When a player wins a grasscourt tournament in the run-up to Wimbledon, it ought to be a good omen.

And when Thomas Johansson won in Halle on Sunday, he confirmed that it will be no freak of Wimbledon's new seeding system that he will receive one of the top 16 seeding berths.

Yevgeny Kafelnikov
Kafelnikov is seeded seventh at Wimbledon
But Johansson is well aware that none of the previous eight champions of the impressive north German event has gone beyond the fourth round at Wimbledon.

Henri Leconte, the first champion in 1993, reached the round of the last 16, but no-one has bettered that.

If anything, winning the title in Halle has almost become something of a poisoned chalice.

That is why the organisers in Halle will be crossing fingers and pressing thumbs for their new champion.

Tournament impresario Gerhard Weber has put masses of money and effort into making his event attractive to players, spectators and media - and the plaudits have been forthcoming.

But he knows he cannot afford to have too many champions and finalists who are seen to peak too soon and lose early at Wimbledon.

Pat Rafter
Rafter is expected to make a good run in SW19
Johansson is seeking more match practice this week at the Nottingham Open, though his participation is in doubt after he felt a sharp pain in his left thigh following Saturday's semi-final win against the two-time Halle champion Yevgeny Kafelnikov.

Though the pain did not affect him in his 6-3 6-7 6-2 final victory over Fabrice Santoro, he may play safe and rest the thigh in the week leading up to the tournament that really matters.

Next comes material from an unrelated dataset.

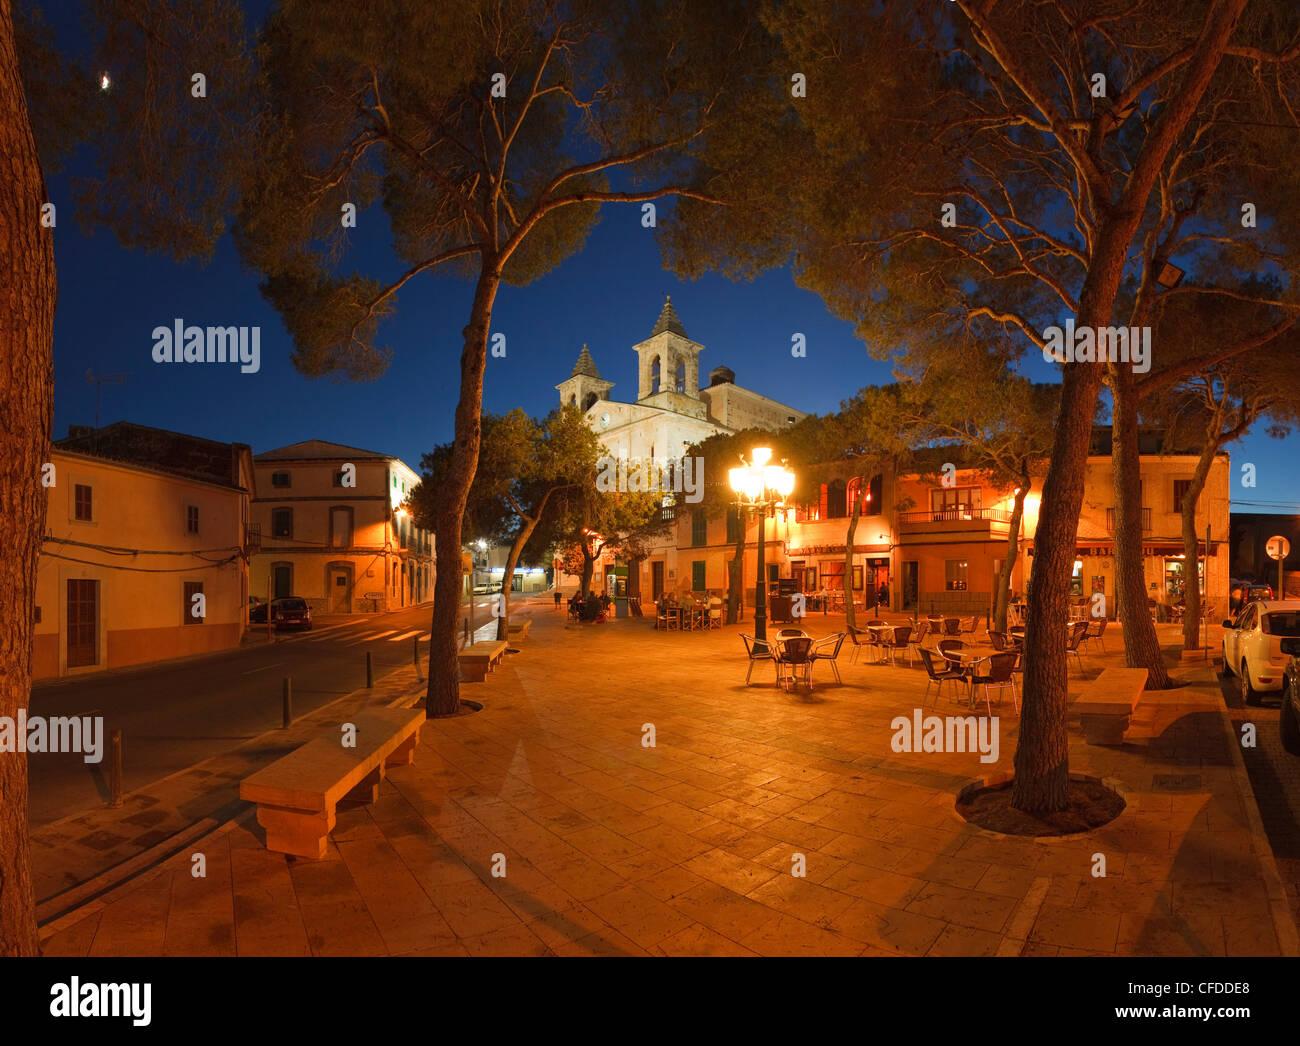 Placa San Jose, carré, S Alqueria Blanca, Majorque, Iles Baléares, Espagne, Europe Photo Stock
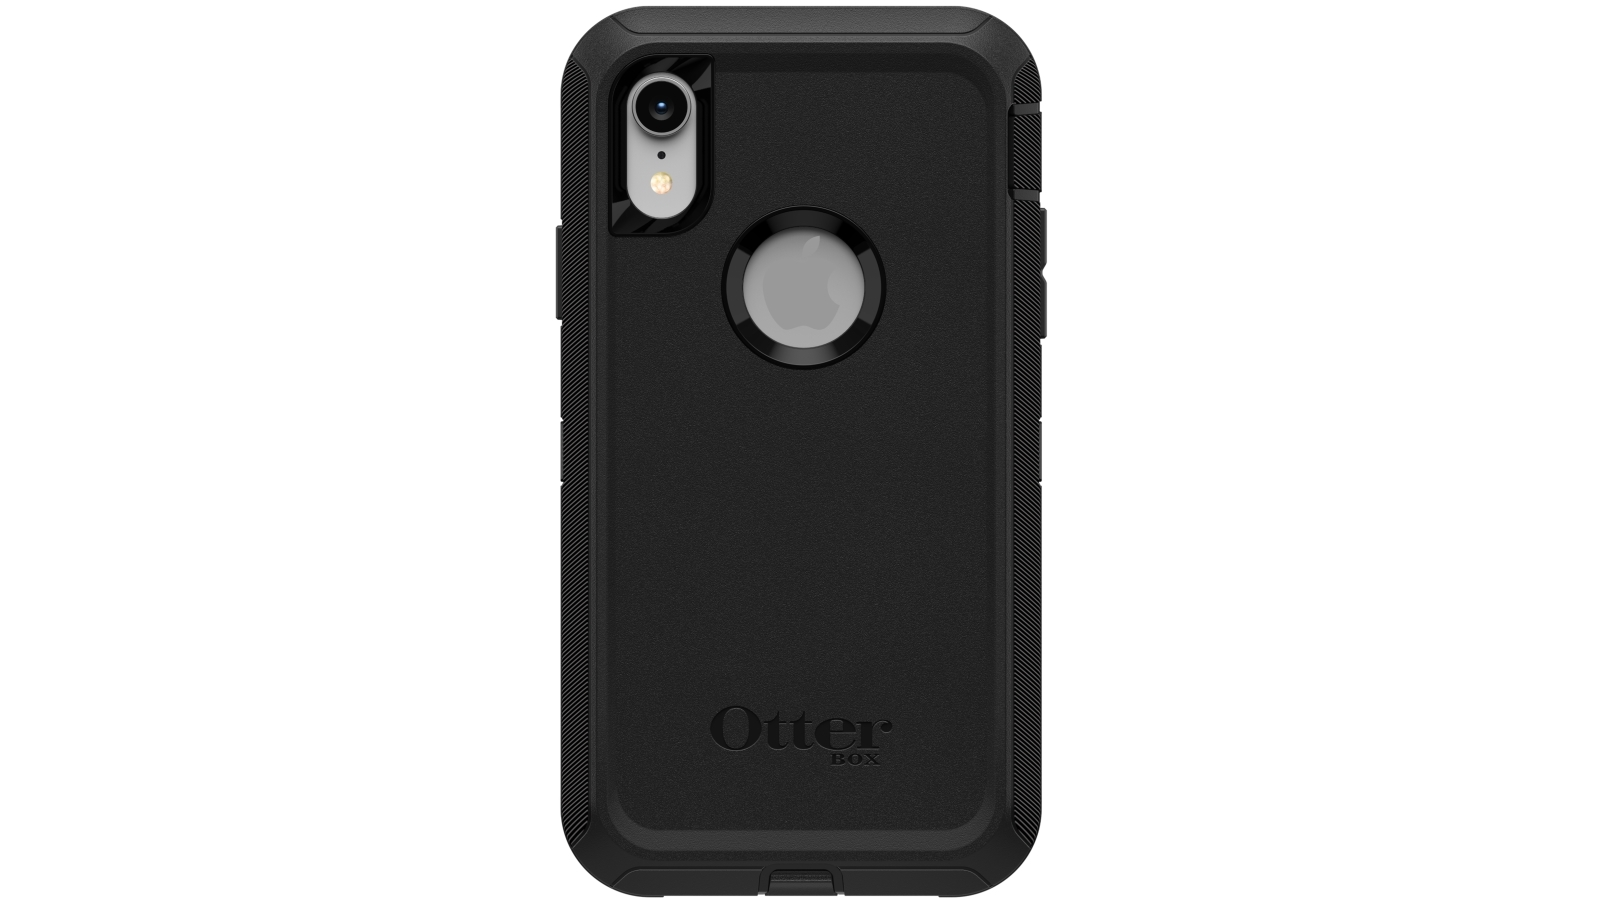 separation shoes 73004 d0bee OtterBox Defender Case iPhone XR - Black

As for Kafelnikov, he and fellow beaten semi-finalist Patrick Rafter may well be Halle's best hopes for knocking their jinx on the head at Wimbledon.

Rafter was last year's Wimbledon runner-up, and Kafelnikov is due a good run at Wimbledon - his best was a run to the quarter-finals in 1995 when he lost to Goran Ivanisevic.

If Rafter and Kafelnikov can put together a good run in SW19, Weber and his team will finally be able to prove that Halle is not only a well-run tournament but a genuine springboard for Wimbledon.